Without fairness, there’s really no easy way to talk about strategy.

1 comments

What's a fair share?

I don't get how this phrase has got ao much traction from the people who are in support of various social safety net programs that are specifically designed to benefit those who don't pay their fair share.

If you and I split a pizza and I pay for none but eat half, is that fair? Even if I'm poor and your rich, that's not fair.

It might be right, it might be good but it's certainly not fair.

In the context of taxes and tax enforcement, I have no choice but to assume you are being intentionally obtuse as to what I mean by “fair share”
> In the context of taxes and tax enforcement

In the context of politicians rallying their base, it's meant to insinuate the actual antithesis of it's normal meaning. Furthermore, it's a subjective word that means different things to different people so politicians can appeal to everyone's internal definition of fair, which is usually making everyone that makes more money than them pay more.

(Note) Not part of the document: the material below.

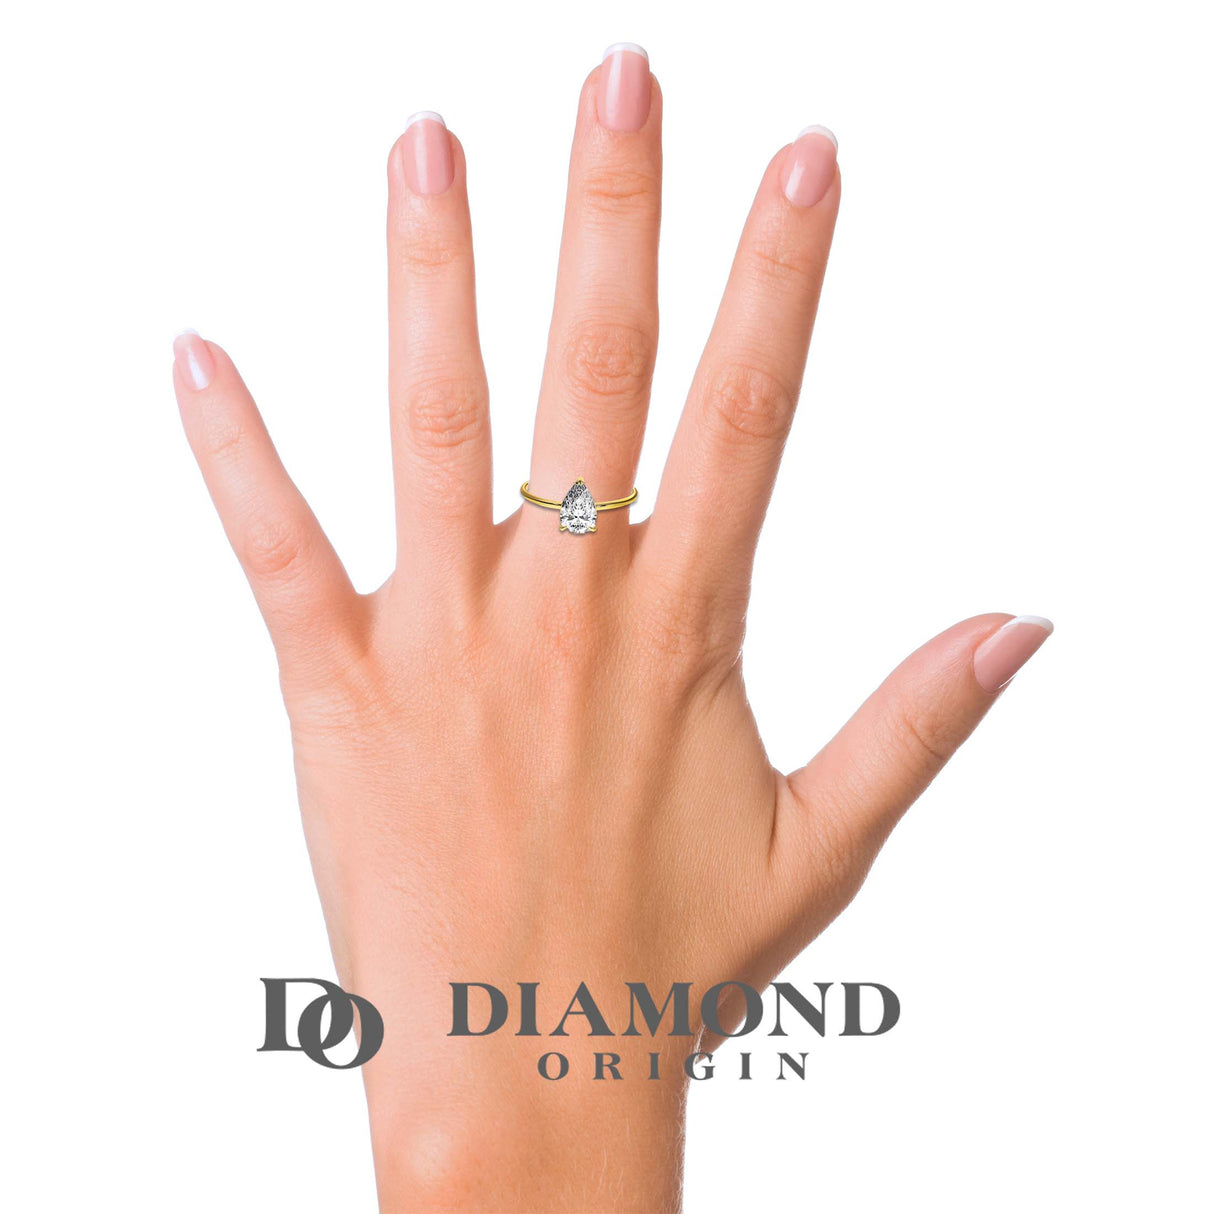 2 Ct Pear Shape Lab Grown Diamond Ring 14K Fine Gold Solitaire Promise Engagement IGI Certificate

It's a political slogan. It adds nothing to the actual discourse but it does get people out to vote!

I guess the only "intentionally obtuse" part of my comment was the "I don't get how this phrase has got so much traction..." part.

The "ultra-wealthy" and "corporations" pay plenty of taxes, they just pay it significantly different than you do so that if you want to compare W2s, it looks wrong but that's another disingenuous tool to con you into voting.